Я опустилась перед ней на колени.
— Что случилось?
Элис покачала головой, по её покрасневшим щекам ручьями текли слёзы.
— Элис, — твёрдо сказала я. — Что произошло?
Она медленно отняла руки от груди, показывая своего розового плюшевого обезьяну — теперь в трёх частях. В одной руке она держала тело, в другой — две отрезанные лапки. Чистые срезы на мягком мехе не оставляли сомнений — тут явно поработали ножницы.
— Бен! — разрыдалась Элис так, словно он похитил её первенца. — Это сделал он!
Ну, я пришла к такому же выводу. Но невиновен, пока не доказано обратное.
— Мы не знаем этого наверняка, пока не спросим, — мягко сказала я.
— Я это сделал, — раздался голос за моей спиной.
Я обернулась. В дверях стоял Бен, скрестив руки на груди и насупив губы.
Ах ты ж, маленький...
— Серьёзно? Зачем, Бен?
— Она испортила моего Чубакку.
— Согласна, но она не хотела этого. — Я выдохнула, стараясь не закипеть. — Она не знала, что он расплавится.

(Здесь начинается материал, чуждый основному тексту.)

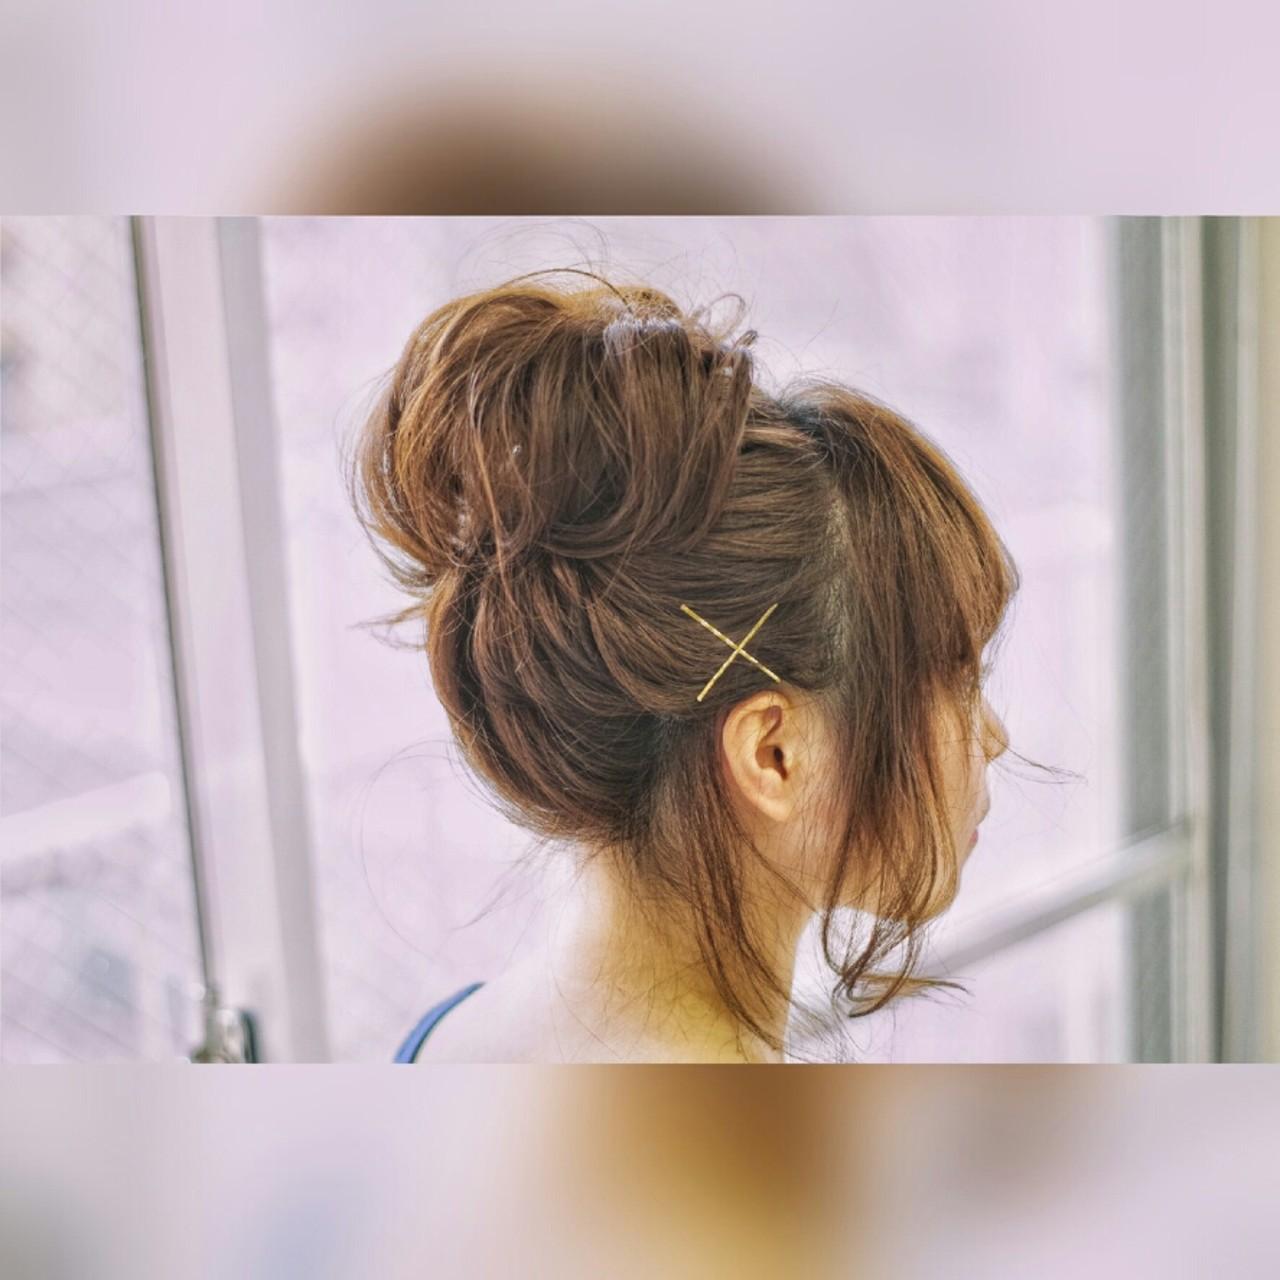 ヘアアレンジ 簡単ヘアアレンジ ナチュラル セミロング ヘアスタイルや髪型の写真・画像 | 宇井 一八 / Hair&make  vita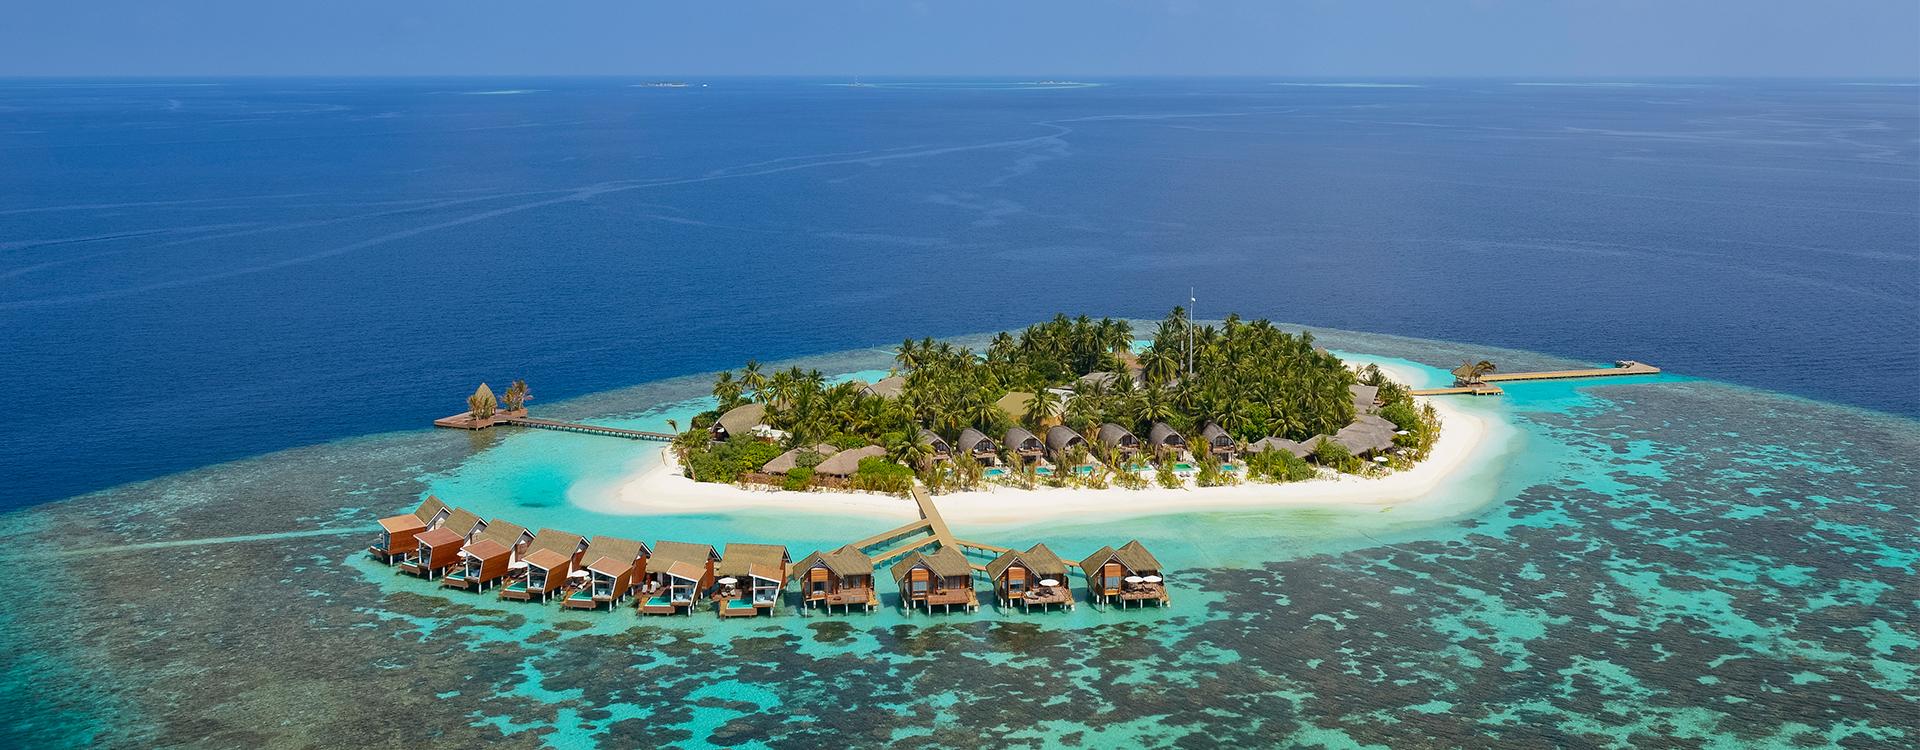 Kandolhu Resort Malediven

Но Бен стоял непреклонно, с каменным выражением лица.
Элис завыла ещё громче.
Ну всё, теперь точно никто не уснёт.
Элис закричала на брата, и он тут же ринулся в ответную атаку. Напряжение в комнате накалилось так, что у меня начали чесаться руки. Отлично. Ещё и крапивница вылезет.
— Так, все, хватит! — рявкнула я, разводя руки в стороны, словно арбитр на ринге. — Вы оба облажались. Вы оба поступили плохо. И вы оба должны извиниться.
— Но обезьянка мертва! — завопила Элис. — Она больше никогда не оживёт!
И тут меня осенило.
— Ещё как оживёт. Я умею шить.
— В отличие от Чубакки, которого мне пришлось похоронить во дворе!
Что? Когда?
— Где?
— Не скажу, — буркнул он, сверля сестру взглядом.
О господи. Эмоции зашкаливали, время давно перевалило за «должны были быть в кровати», и Элис не успокоится, пока её обезьянка не будет цела.
— Так, оба надевайте обувь. Мы едем.
— Куда? — подозрительно спросил Бен.
— В больницу для обезьян. Но не раньше, чем вы оба извинитесь.
Кажется, я их заинтриговала. Пока я искала телефон, который выронила в порыве паники, услышала, как они нехотя, сквозь зубы, пробормотали друг другу извинения.
Картер за это время пытался дозвониться уже шесть раз, но первым делом я набрала Джиджи.
— Привет, солнышко, — ответила она.
— У нас тут война между братом и сестрой, Бен отрезал Пичес руки. У тебя случайно нет розовых ниток и иголки? Я оставила свою швейную коробку в Нью-Йорке.
— Конечно, приезжайте. Может, розовых и нет, но белые точно есть.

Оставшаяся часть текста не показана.